Bug 1394012

Summary: Tomcat hangs when number of StartServers increased
Product: Red Hat Satellite 5 Reporter: Neal Kim <nkim>
Component: ServerAssignee: Tomáš Kašpárek <tkasparek>
Status: CLOSED NOTABUG QA Contact: Red Hat Satellite QA List <satqe-list>
Severity: medium Docs Contact:
Priority: unspecified    
Version: 570CC: shughes, tlestach, wpinheir
Target Milestone: ---   
Target Release: ---   
Hardware: x86_64   
OS: Linux   
Whiteboard:
Fixed In Version: Doc Type: If docs needed, set a value
Doc Text:
Story Points: ---
Clone Of: Environment:
Last Closed: 2016-11-10 21:01:09 UTC Type: Bug
Regression: --- Mount Type: ---
Documentation: --- CRM:
Verified Versions: Category: ---
oVirt Team: --- RHEL 7.3 requirements from Atomic Host:
Cloudforms Team: --- Target Upstream Version:
Attachments:
Description Flags
javacore from Tomcat while "hung" none

Description Neal Kim 2016-11-10 20:09:20 UTC
Created attachment 1219525 [details]
javacore from Tomcat while "hung"

Description of problem:

In an attempt to increase the number of systems able to provision from Satellite at any one time we increase the value of StartServers in:

/etc/httpd/conf.d/zz-spacewalk-server.conf

From:

<IfModule prefork.c>
  StartServers         8
  
To a modest:

<IfModule prefork.c>
  StartServers         20
  
When attempting to kickstart more than ~5 systems in parallel at a time, the first several HTTP requests return but then eventually fails. At which point subsequent HTTP requests fail and the WebUI becomes unavailable.

Tomcat appears to be "hung" (or at least waiting for something to happen) and restarting the Satellite services is the only way to restore service.
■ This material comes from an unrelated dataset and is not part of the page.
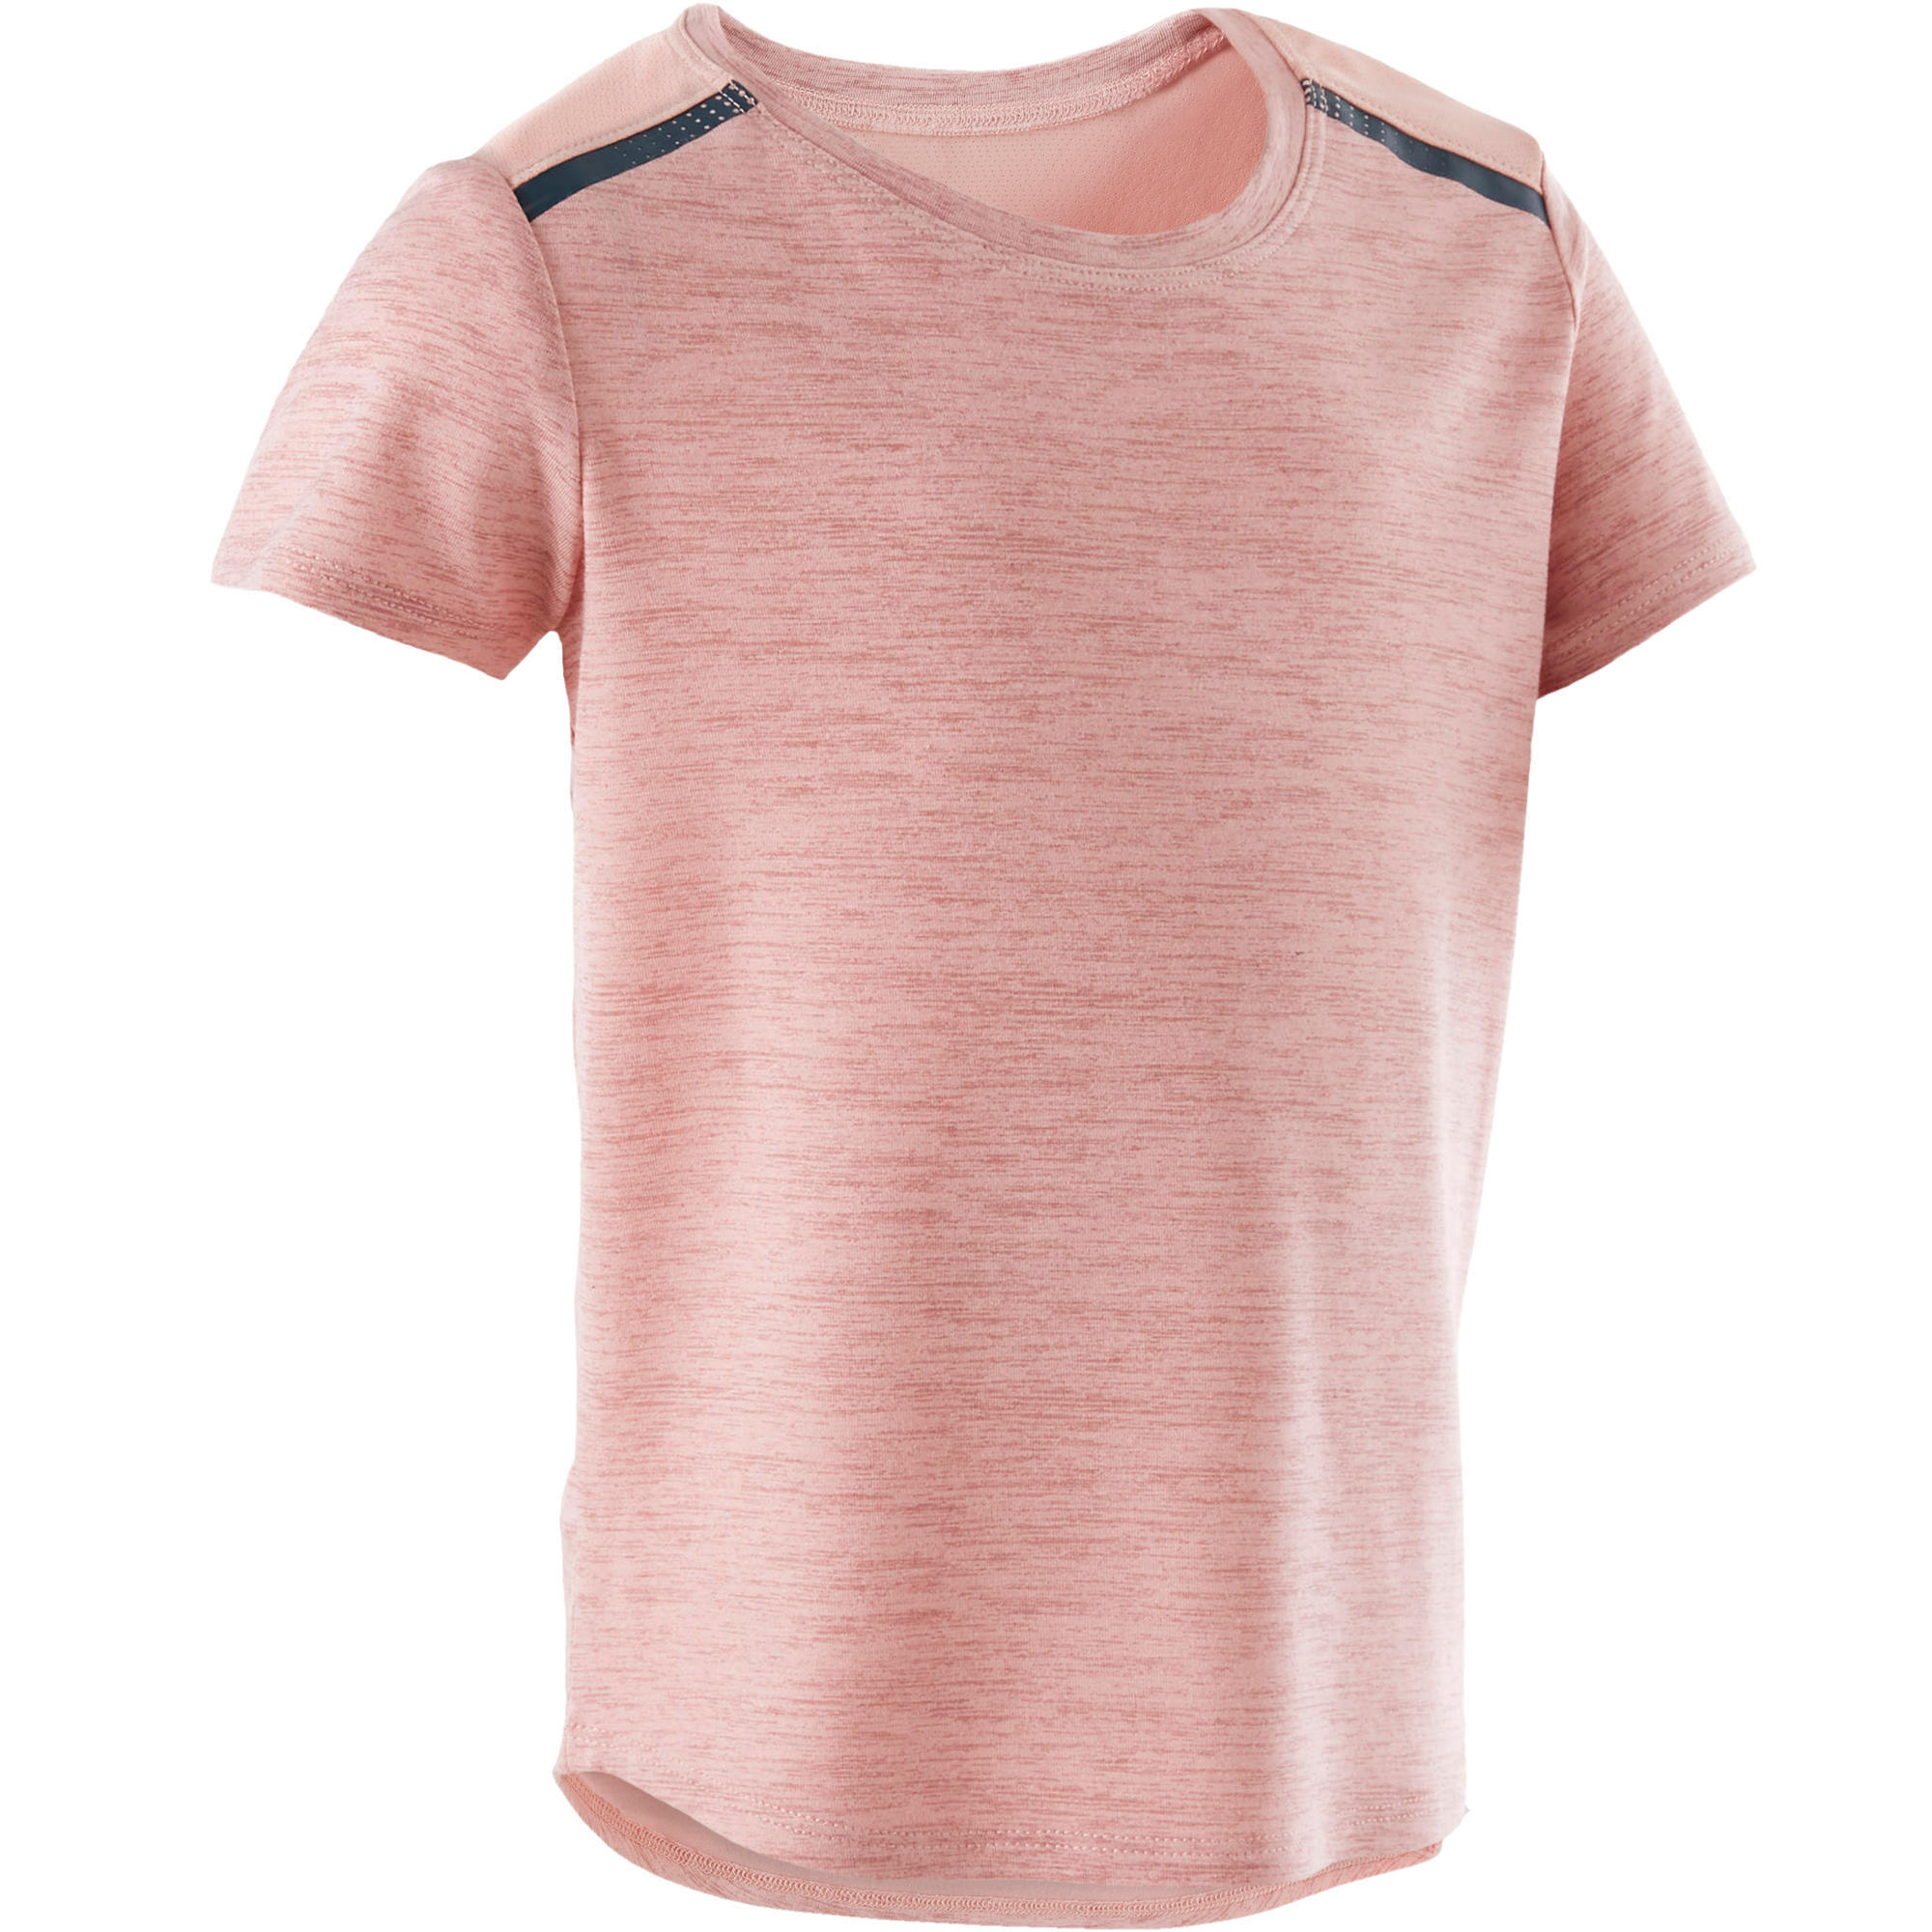 T shirt 500 baby gym fille et garçon rose domyos

Restarting Apache also seems to restore service but not right away (several minutes).

During this time both memory and cpu utilization are at nominal values.

Modifying the number of AJP connector maxThreads and ProxyTimeout has no effect.

Restoring the default number of StartServers apparently works much better.


Version-Release number of selected component (if applicable):

Satellite 5.7
spacewalk-schema-2.3.2-27.el6sat.noarch
satellite-schema-5.7.0.24-1.el6sat.noarch


How reproducible:

Easily, on a fresh install of Satellite 5.7.


Steps to Reproduce:

Change the number of StartServers in /etc/httpd/conf.d/zz-spacewalk-server.conf:

<IfModule prefork.c>
  StartServers         20
  
Restart Satellite:

# rhn-satellite restart

Simulate kickstart traffic:

[root@sat57 conf.d]# ab -n 1000 -c 20 http://<SATELLITE_FQDN>/ks/dist/org/1/file/does/not/exist
This is ApacheBench, Version 2.3 <$Revision: 655654 $>
Copyright 1996 Adam Twiss, Zeus Technology Ltd, http://www.zeustech.net/
Licensed to The Apache Software Foundation, http://www.apache.org/

Benchmarking sat57 (be patient)
Completed 100 requests
Completed 200 requests
Completed 300 requests
Completed 400 requests
Completed 500 requests
Completed 600 requests
Completed 700 requests
Completed 800 requests
Completed 900 requests
apr_poll: The timeout specified has expired (70007)
Total of 994 requests completed

Observe that the WebUI is unavailable and subsequent HTTP requests fail until Satellite services are restarted.


Actual results:

WebUI is unavailable and Tomcat appears "hung".


Expected results:

WebUI is available and Tomcat not hanging.


Additional info:

Kickstarts use the following rewrite rule:

RewriteRule ^/ks/dist(.*)$ /rhn/common/DownloadFile.do?url=/ks/dist$1

At least in my testing there appears to be some relation between the number of ESTABLISHED AJP connections and when Tomcat "hangs". Somewhere around ~20 or so but it varies.

Will attach javacore while Tomcat is "hung".